In that environment, imagination was no longer seen only as an artist’s tool or a child’s plaything. It was being recognized as something that shaped emotions and choices. Advertising used it to sell futures. Movies and television used it to create shared dreams and fears. At the same time, more people were noticing how much time they spent picturing worst-case scenarios in private. The idea that "it’s all in your head" was starting to feel less dismissive and more like a clue.
Brookman’s quote fit this moment neatly. It captured a simple but piercing thought: the same inner pictures that make you terrified can also make you brave. Rather than lecturing or using technical terms, these words speak in ordinary language about a very modern experience—being mentally overwhelmed by imagined disasters. They offer a small rebellion against that habit, not by asking you to stop imagining, but by asking you to notice what you are using your mind to build. In a world growing louder and more uncertain, that felt, and still feels, deeply relevant.
About Adele Brookman
Adele Brookman, who was born in 1913 and died in 1983, lived through some of the most turbulent and transformative decades of the 20th century, including economic depression, world war, and enormous cultural shifts in how people understood the mind and emotions. She was an American writer and speaker whose work touched on themes of inner strength, perspective, and the quiet power of how you talk to yourself. Though not a household name, her words have been remembered and shared in collections of inspirational and psychological quotations.

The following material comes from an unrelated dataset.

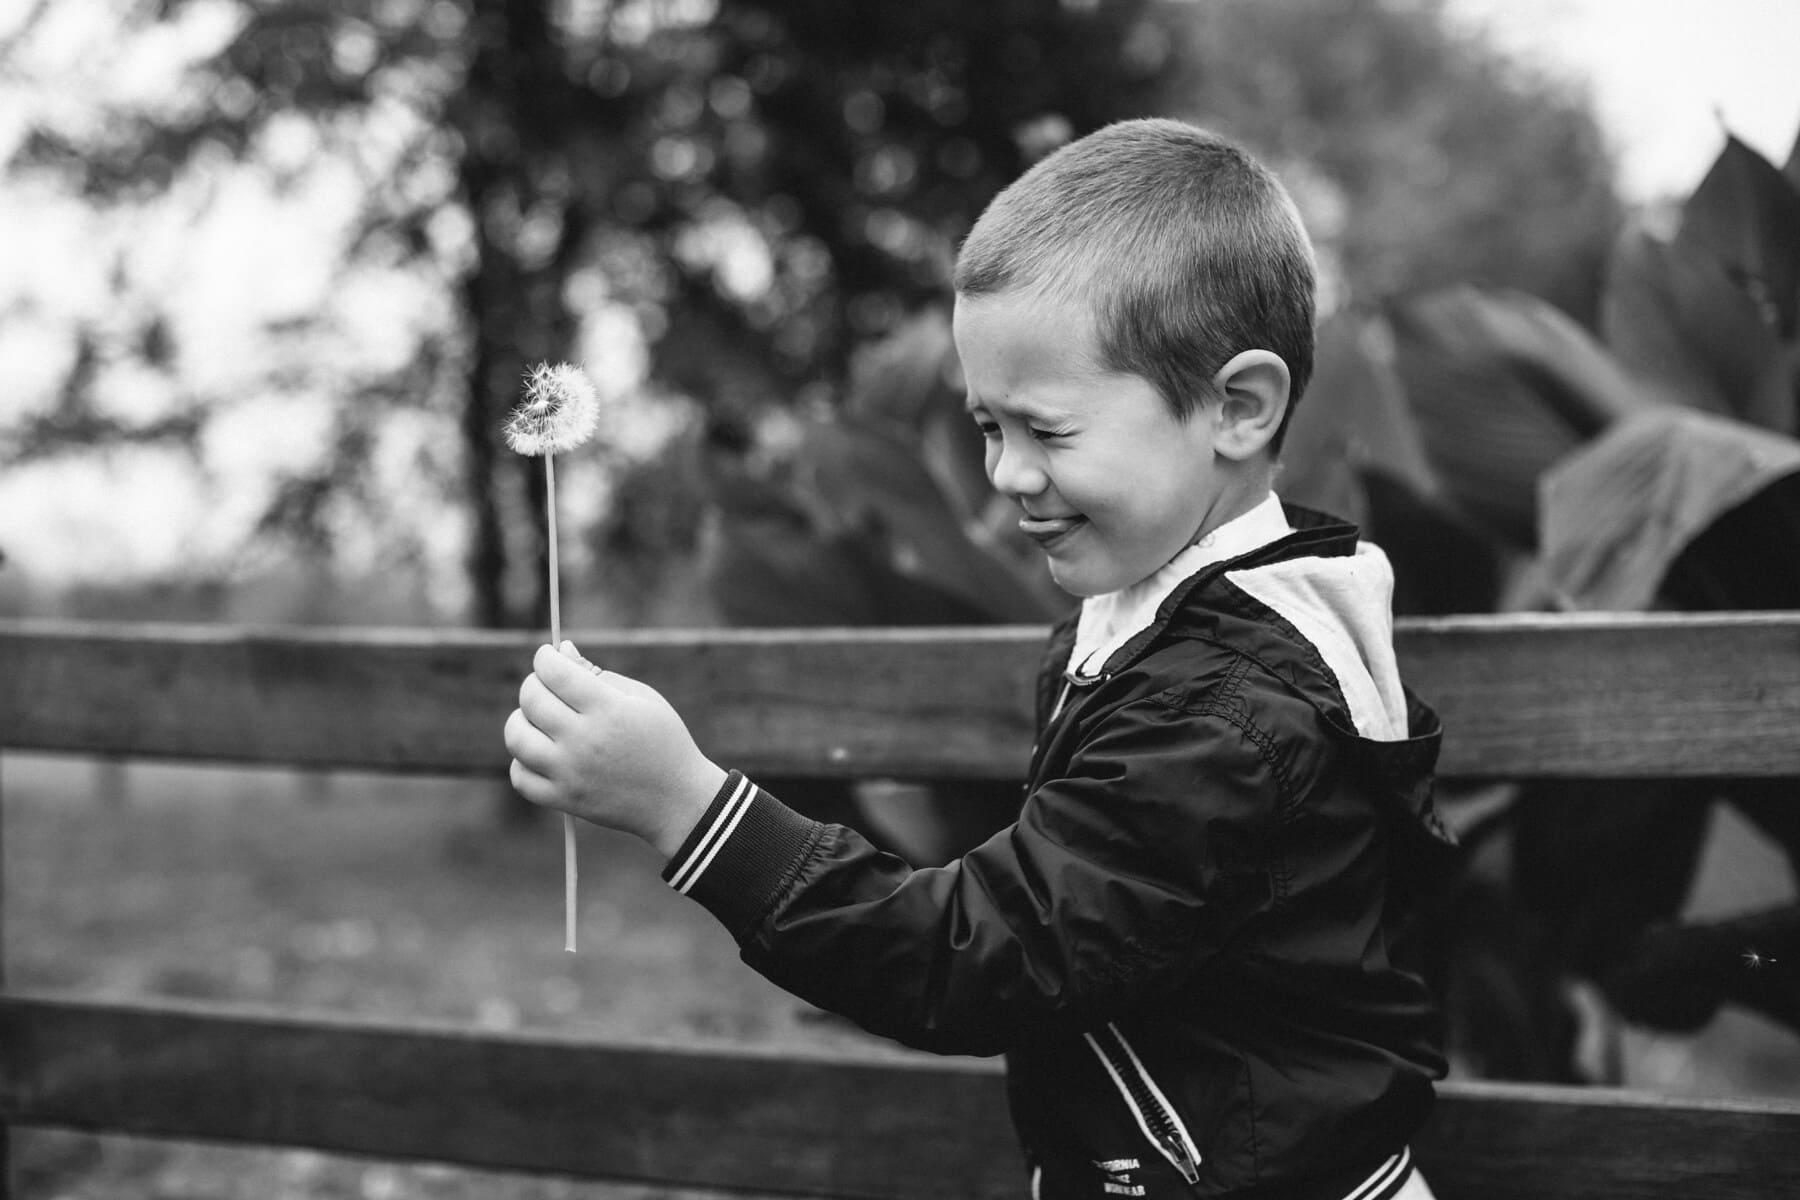 chlapec, pampeliška, foukání, černá a bílá, dítě, černobílý tisk, portrét, venku, rekreace, koncentrace

Brookman’s era saw the rise of psychotherapy, the popularization of ideas from figures like Freud and later humanistic psychologists, and a growing interest in self-examination. In that context, her focus on imagination was not abstract; it reflected a time when people were beginning to see their inner world as something they could shape, not just endure. She watched a generation carry war memories and another confront fast-changing expectations in work and family life, and she emphasized personal agency in the small territory of everyday thinking.
Her quote about using imagination differently fits her broader outlook: that you cannot always control events, but you can influence the tone and direction of your inner stories. She seemed to believe that your mind can be either a hostile environment or a supportive one, and that gently choosing the latter is a form of quiet courage.